All of the data below should be printed again exactly, pictures excluded.

Available data:
"""

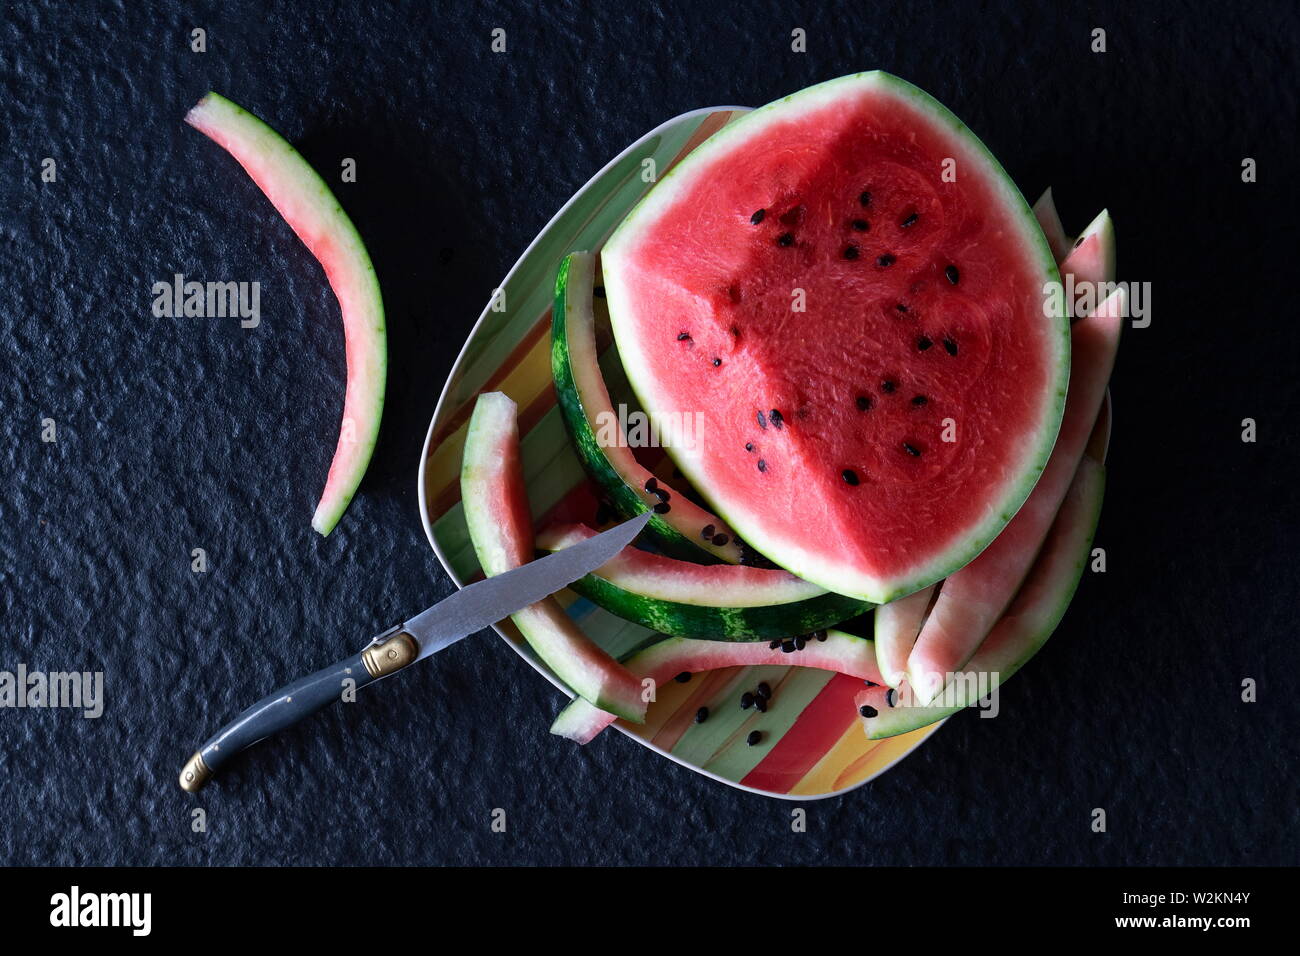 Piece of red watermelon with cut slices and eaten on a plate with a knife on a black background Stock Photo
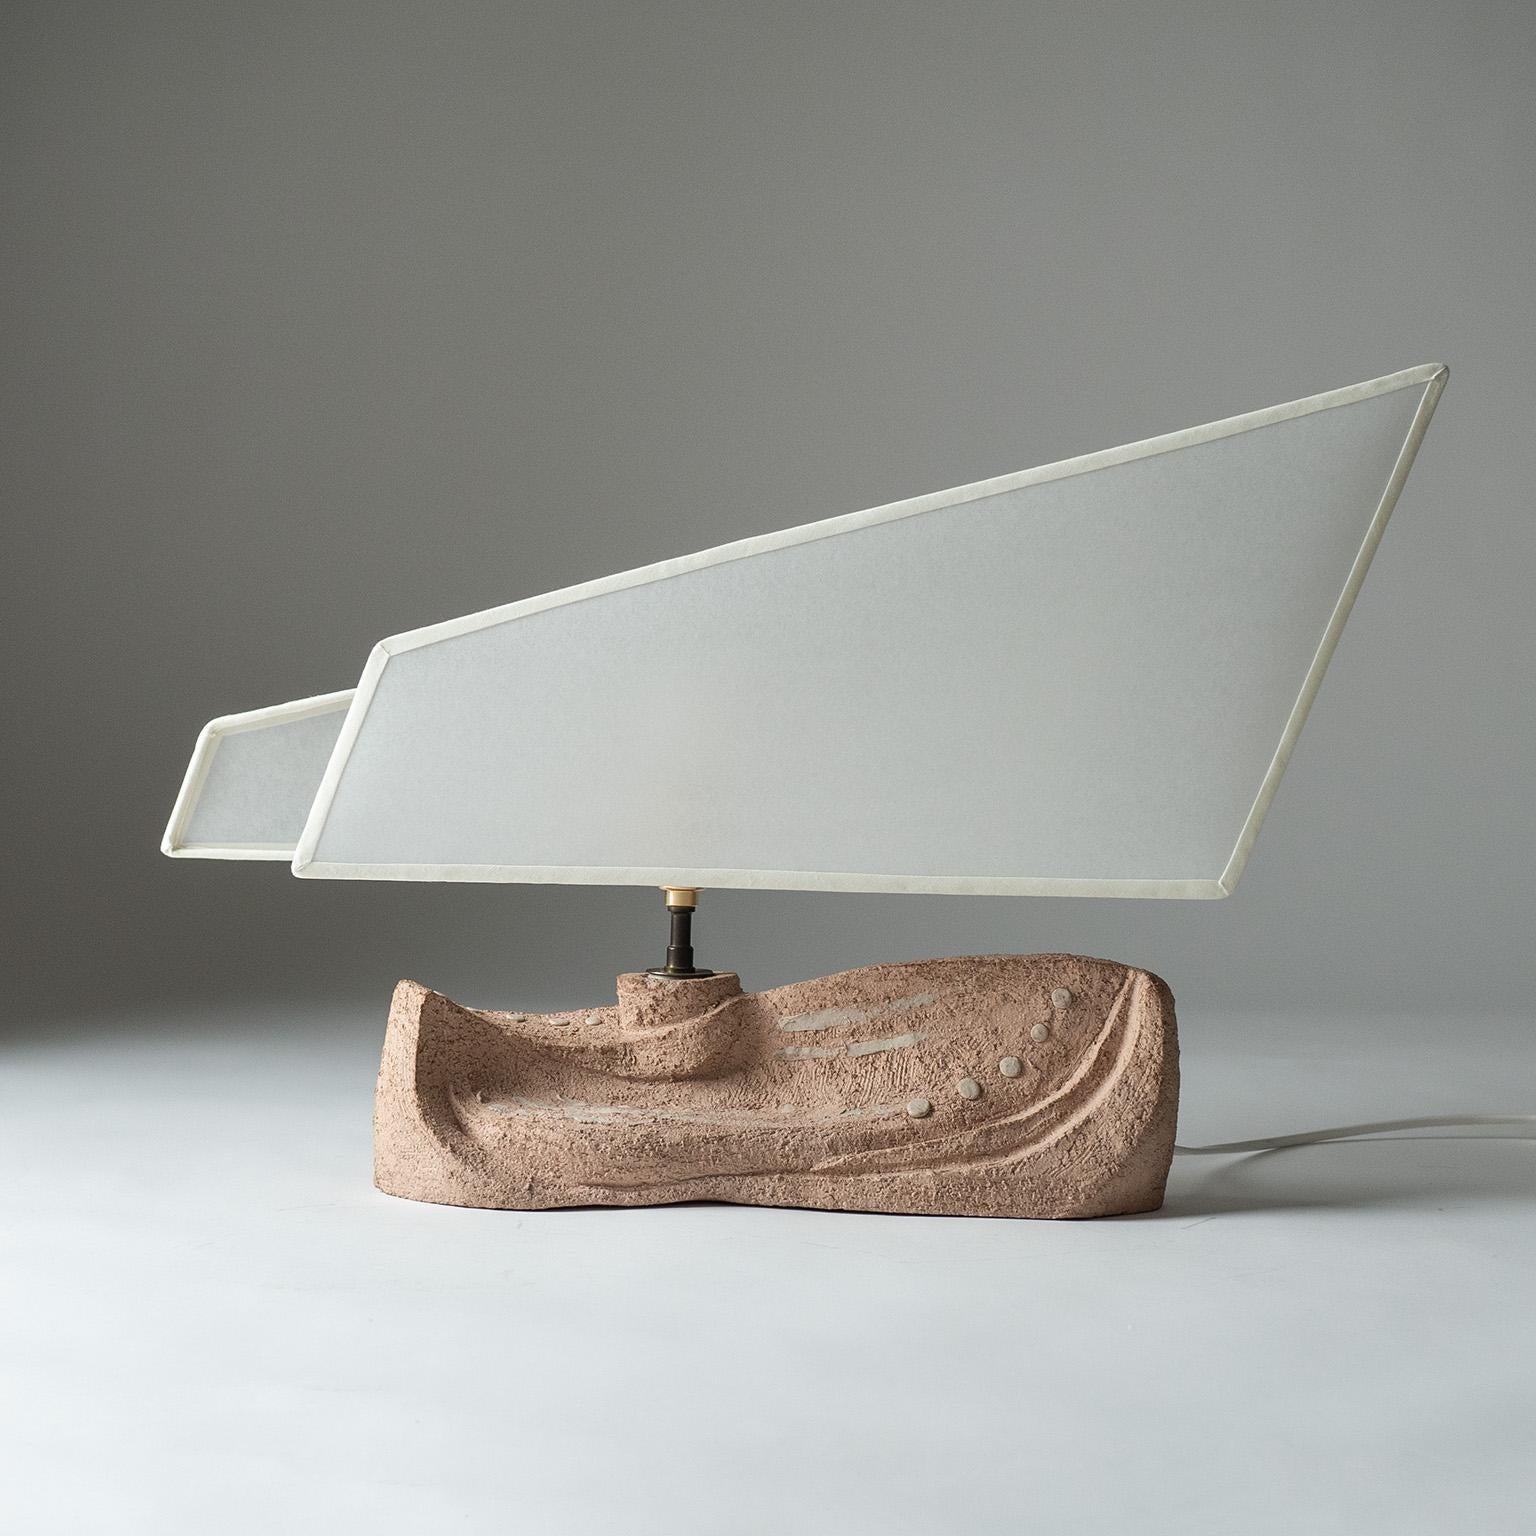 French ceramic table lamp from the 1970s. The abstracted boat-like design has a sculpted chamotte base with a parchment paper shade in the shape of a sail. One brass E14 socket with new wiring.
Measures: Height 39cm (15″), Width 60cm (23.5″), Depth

"""

Output:
 Piece of red watermelon with cut slices and eaten on a plate with a knife on a black background Stock Photo
 French ceramic table lamp from the 1970s. The abstracted boat-like design has a sculpted chamotte base with a parchment paper shade in the shape of a sail. One brass E14 socket with new wiring.
Measures: Height 39cm (15″), Width 60cm (23.5″), Depth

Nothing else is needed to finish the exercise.